▶ _DATA PROVIDED_:
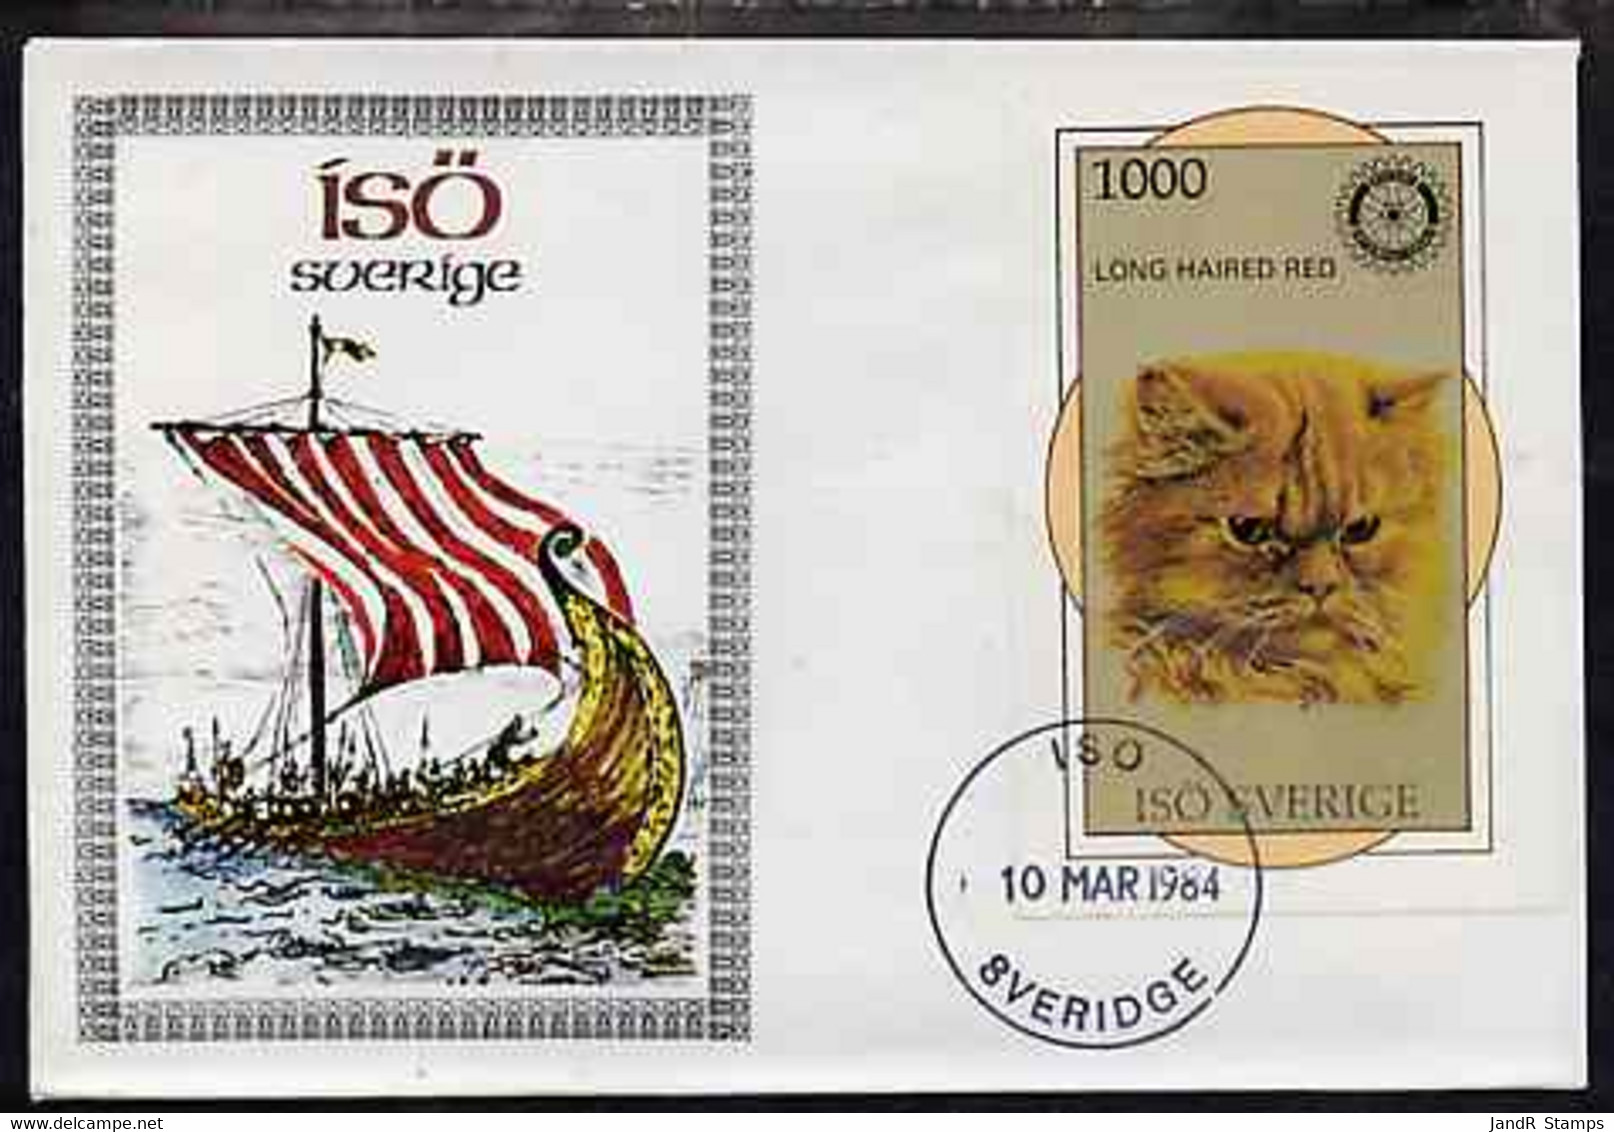 Iso - Sweden 1984 Rotary - Domestic Cats (Long Haired Red) Imperf Deluxe Sheet (1000 Value) On Cover With First Day Canc - Emissions Locales
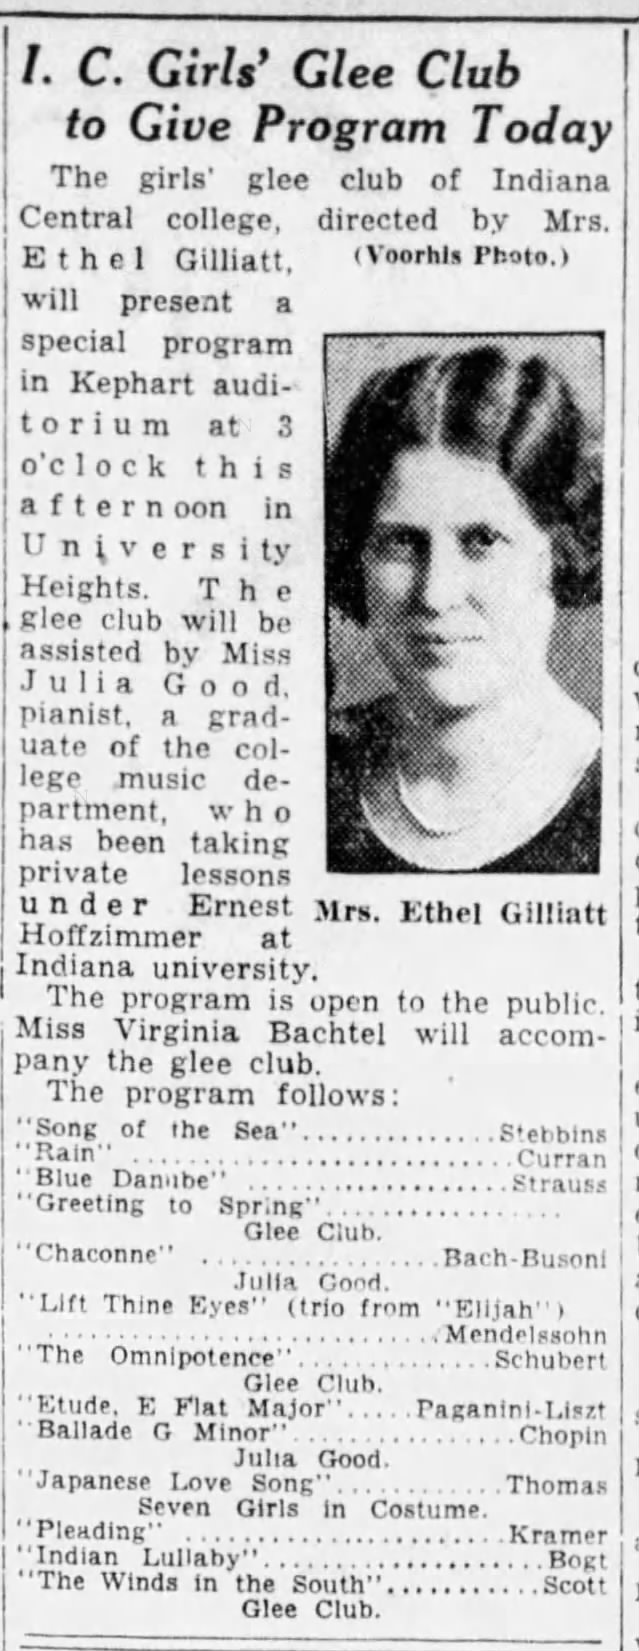 1932 Julia Good studied piano under Ernest Hoffzimmer at Indiana University.
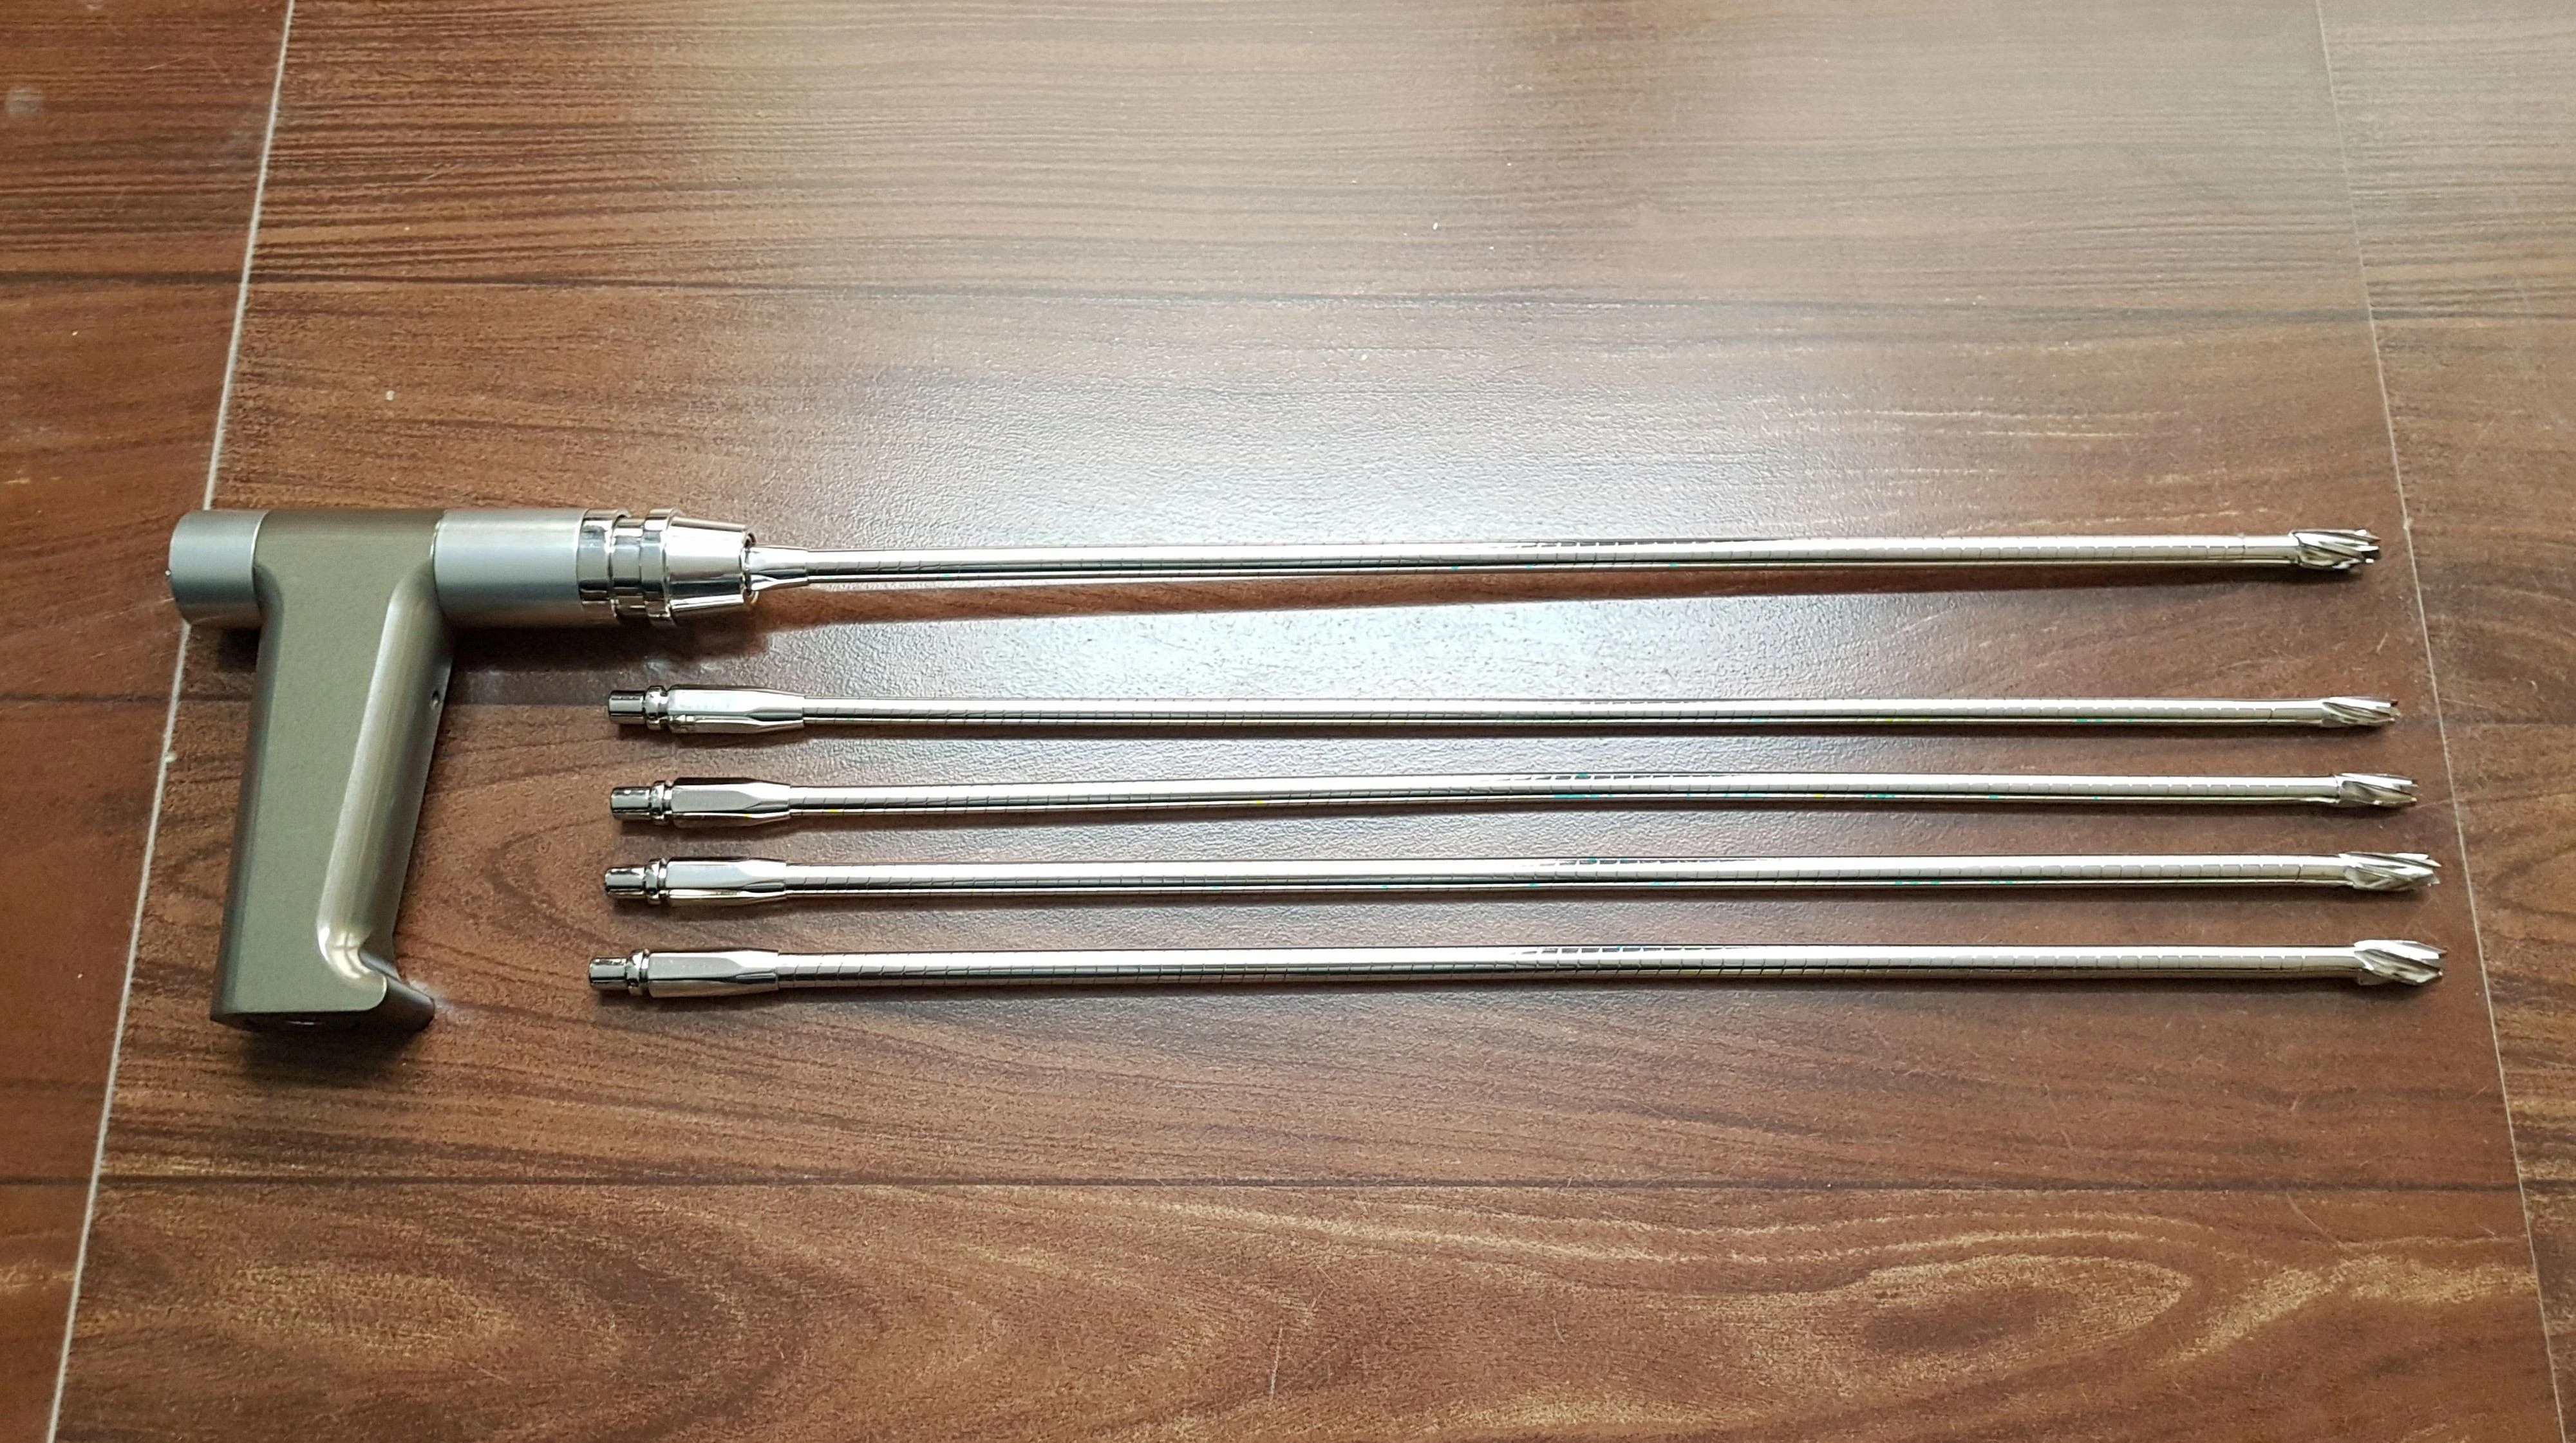 Bone Drills - Manual and Electric, Bone Drills - Manual and Electric  Manufacturer, Bone Drills - Manual and Electric Suppliers, Orthopedic  Implants, India

▶ _PROBLEM REQUIREMENTS_: Repeat the data exactly, without the pictures.

▶ _EXERCISE ANSWER_:
 Iso - Sweden 1984 Rotary - Domestic Cats (Long Haired Red) Imperf Deluxe Sheet (1000 Value) On Cover With First Day Canc - Emissions Locales
 1932 Julia Good studied piano under Ernest Hoffzimmer at Indiana University.
 Bone Drills - Manual and Electric, Bone Drills - Manual and Electric  Manufacturer, Bone Drills - Manual and Electric Suppliers, Orthopedic  Implants, India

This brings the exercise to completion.